I am fond of RAID 5, where you get the best of all worlds: *size* and redundancy (and speed). I tend to have my operating systems on RAID 1 and the data on RAID 5 (i.e. you can do this with two physical drives and then buy a third 320 for the data, to have the min 3 needed for RAID 5); but, on a couple setups, I have two partitions on a RAID 5 (i.e. which might be like your situation, you have to pick one RAID setup, which I picked RAID 5).

As far as having spares, my take on it is only if you are afraid you won't be able to find a replacement drive in the future (i.e. same size/rpm/cache specs), but I say it's probably better to swap out all your drives in that case.

As far as having mirrored mirrors (aka RAID 10), that's some crazy overkill unless you are storing priceless home movies of your kids' first step, words, performance, etc.

Just get a cheap external drive (e.g. 1TB USB for $75) and do a backup and if either your RAID setup or the external drive dies, replaced said broken stuff.

The key is that RAID it's only helping your up time, so don't stress over it too much (as you can always get corrupted data). The best thing you can do is BACKUP your stuff (i.e. copy to somewhere else).

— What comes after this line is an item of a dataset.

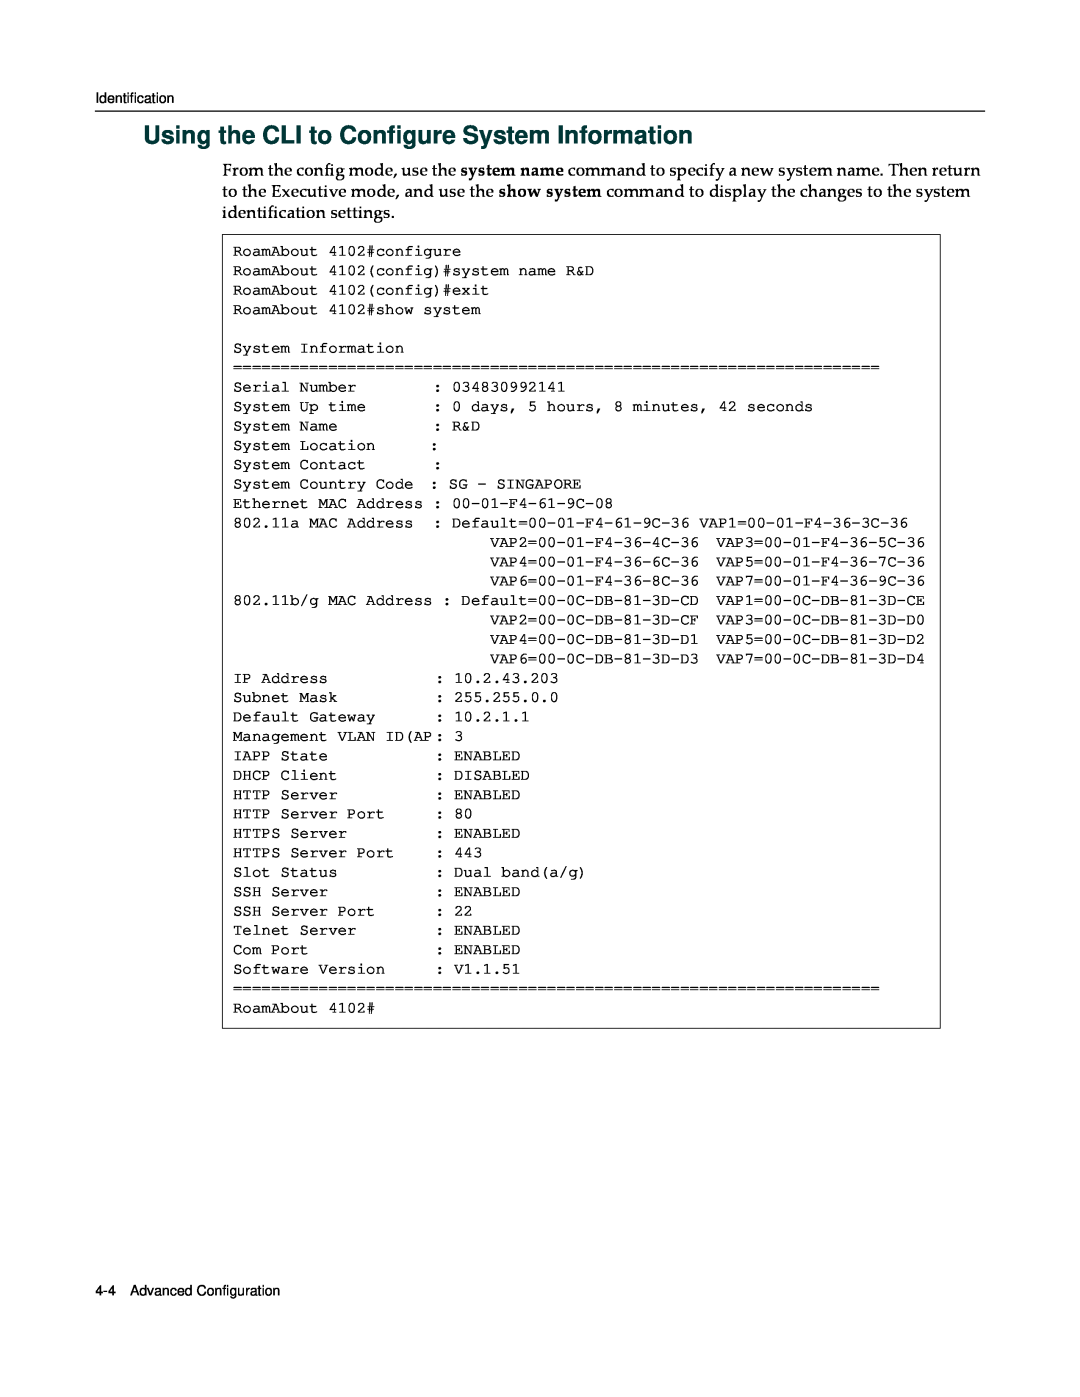 Enterasys Networks RBT-4102 manual Using the CLI to Configure System Information 
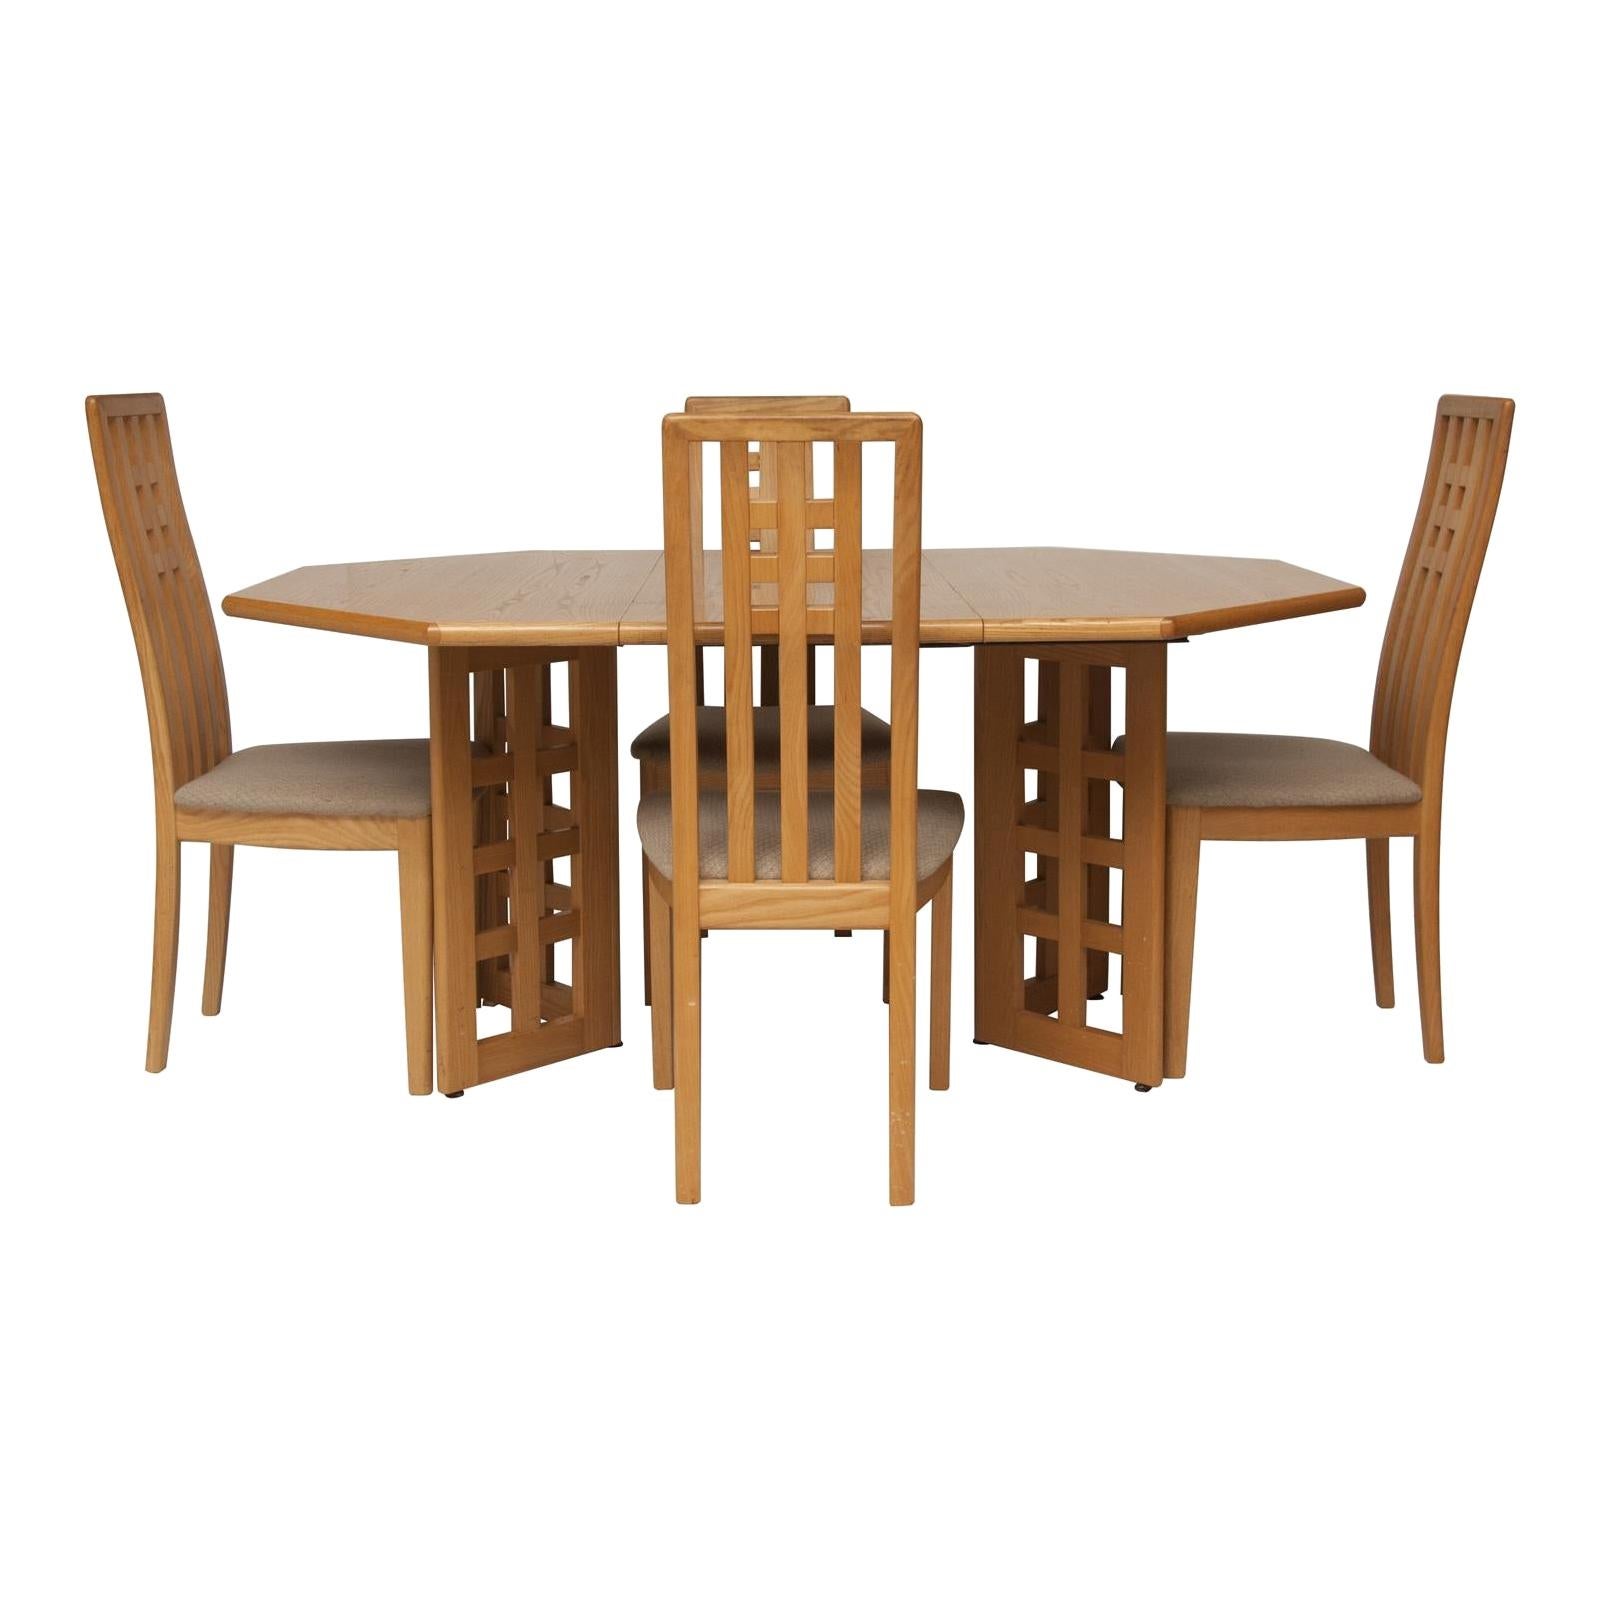 Solid Beech Extendable Dining Table & 4 Chairs, c.1960 For Sale

Also, spikemike, carlos can use "missing" and --create a degraded raid 5 out of the remaining 3 drives (with one missing slot), then copy his current drive over to the array ("man dd" and "man parted" for clues), then boot to that new (degraded) array (i.e. edit /etc/fstab), then --add the original drive into the degraded array ("man mdadm" of course). A lot of work, but good for up time.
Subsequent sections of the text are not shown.